Incomplete vs. Insufficient FMLA Certifications
The Difference That Gets Employers Sued
A manager forwards you a medical certification and says the magic words every HR person dreads: "This isn't good enough — can we just deny it?"
Here's the trap. How you answer that question — and the word you put on the problem — decides whether you've handled the leave correctly or handed an employee a future interference claim. Because under the FMLA, "not good enough" splits into two very different categories with two very different obligations: incomplete and insufficient. Treat them as the same thing, or skip straight to denial, and you're exposed.
The distinction, in one breath
It comes down to whether the form has blanks or whether the form has fog.
- Incomplete: the certification comes back with one or more applicable entries simply not filled out. The provider left a required field blank.

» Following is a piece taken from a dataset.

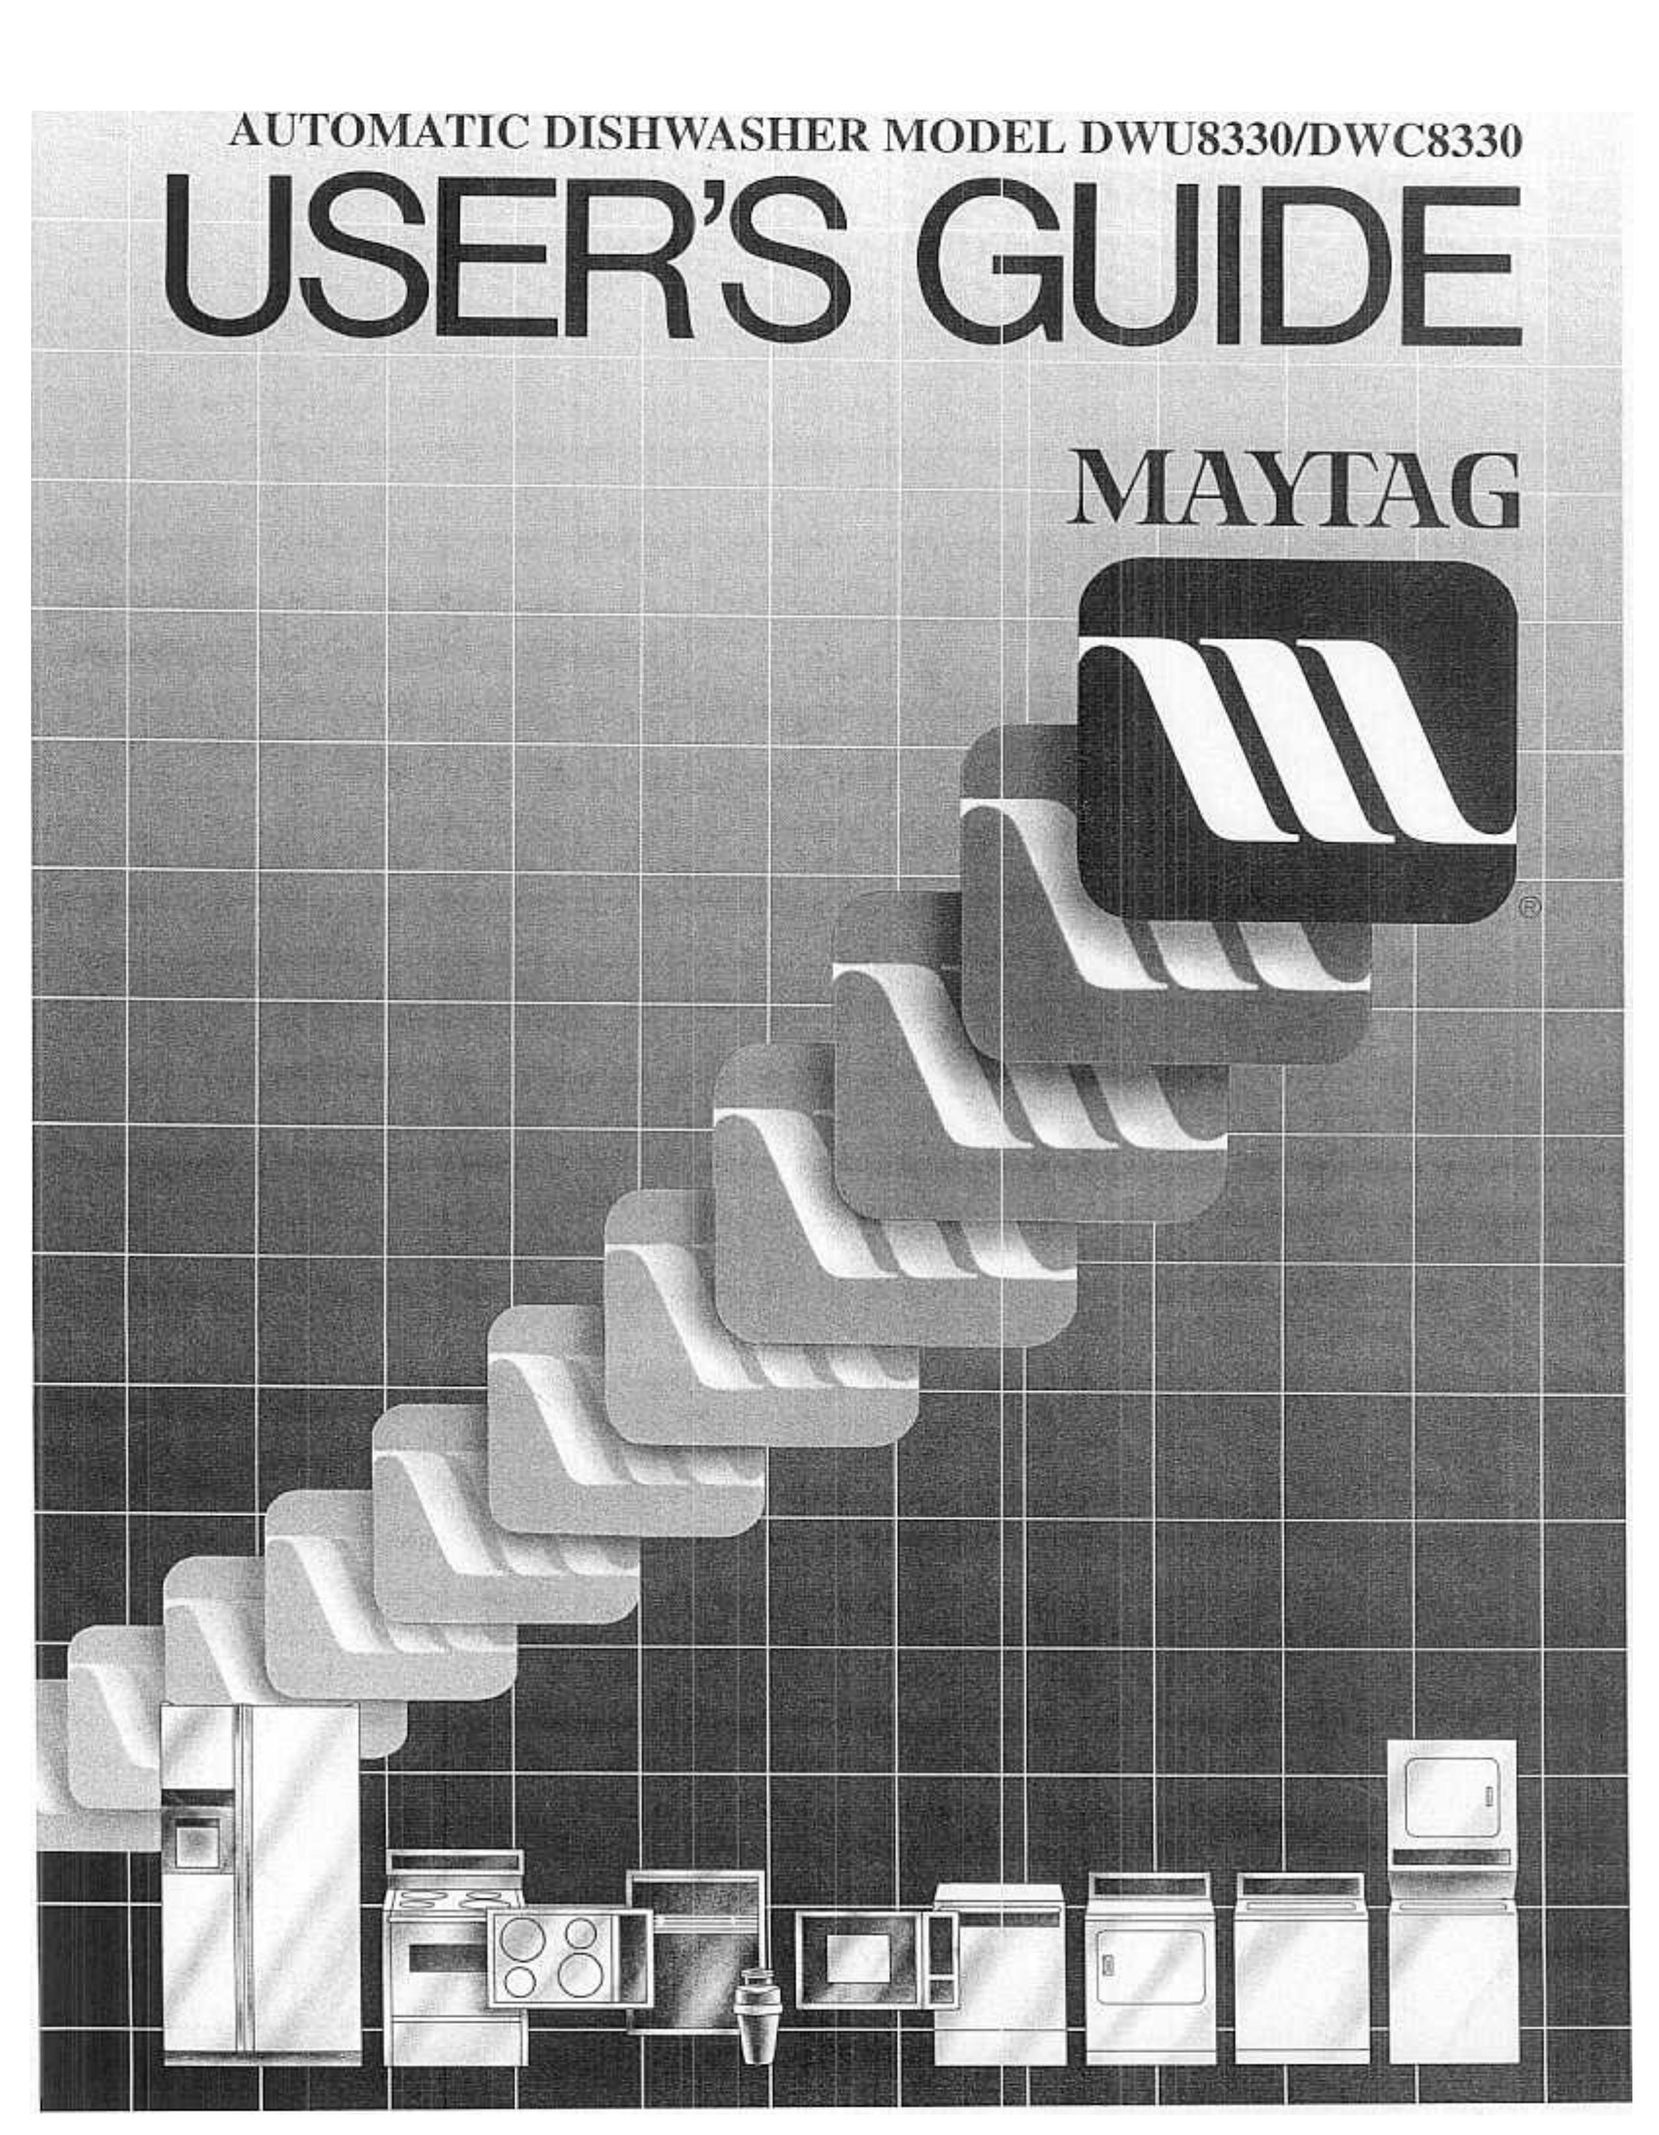 Maytag DWC8330 Dishwasher User Manual
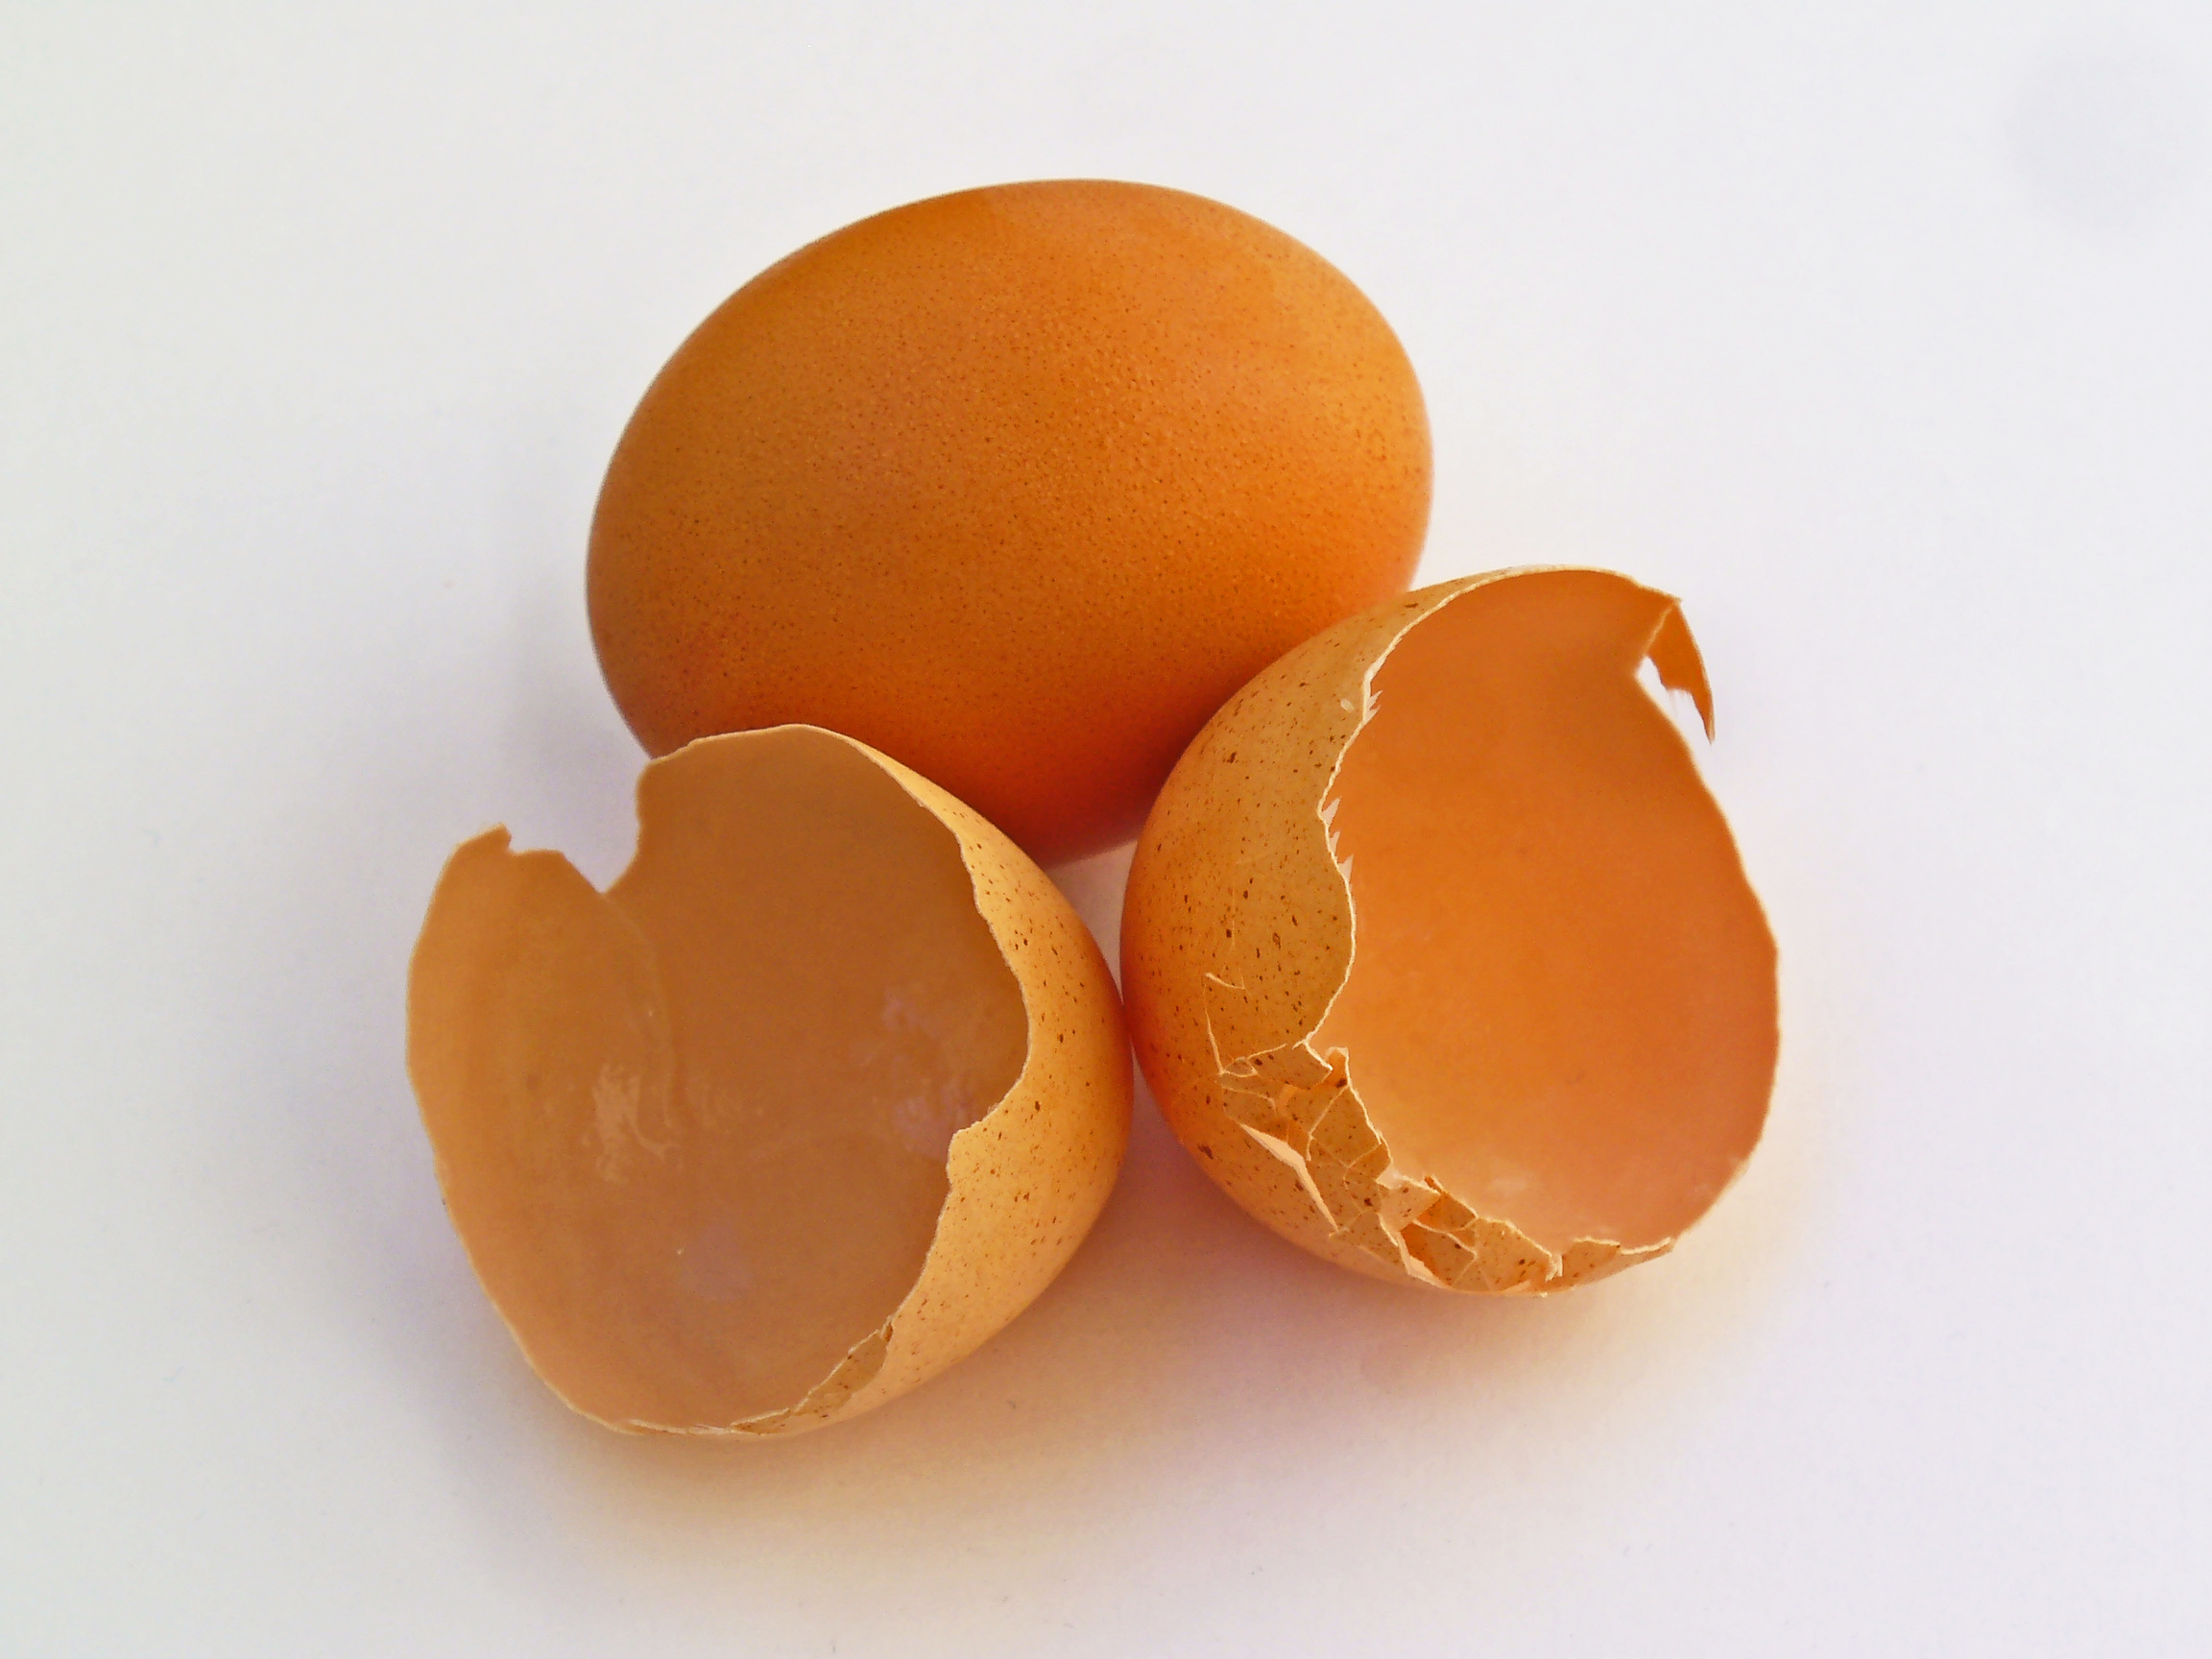 Eggshell membrane

- Insufficient: the entries are filled in, but the information is vague, ambiguous, or non-responsive. It's technically answered — it just doesn't actually tell you what you need to know.
"Patient may need time off occasionally" on a line asking for frequency and duration? That's not blank — it's insufficient. A frequency-and-duration line left empty entirely? That's incomplete. Same outcome on the manager's desk ("this is useless"), two different labels, and the label matters because it shapes the letter you have to send next.
What you cannot do: deny it
This is the part that trips up well-meaning HR teams. When a certification is incomplete or insufficient, you do not get to deny the leave. The regulations give the employee a chance to fix it first — and skipping that step is precisely the kind of move that turns a paperwork problem into an interference claim.
What you must do: the cure process
When you receive a certification that's incomplete or insufficient, two things are required of you:
- Tell the employee, in writing, exactly what's missing. Not "this is insufficient." Specifically: which entries are blank, or which answers are too vague and what would make them clear. Vagueness on your end is its own problem — if you can't name what's wrong, you can't expect the employee to fix it.
- Give them at least seven calendar days to cure it — unless that genuinely isn't practicable despite the employee's diligent, good-faith efforts. The clock is the employee's to beat; the deficiency is theirs to fix.
And note whose job the fixing is: it's the employee's responsibility to get the corrected certification back to you. You are not obligated to chase the provider for missing information — and you should be careful about going around the employee to do it.
The mistakes that actually get employers sued
- Denying outright instead of offering the cure period. The single most common — and most expensive — version.
- Being vague about the deficiency. "Insufficient" with no specifics doesn't give the employee a real chance to cure, which undercuts the whole process.
- Demanding more than the form is allowed to ask. The cure is about completing or clarifying what's required — not expanding the inquiry into territory the FMLA doesn't permit.
- Going straight to the provider for missing information rather than routing the cure through the employee. Authentication and clarification have their own narrow rules; gathering brand-new information isn't what they're for.
The takeaway
"Not good enough" is never a denial. It's a fork: name it incomplete or insufficient, write down precisely what's missing, start the seven-day clock, and put the fix in the employee's hands. Do that, and a shaky certification is just a Tuesday. Skip it, and you've built someone else's lawsuit.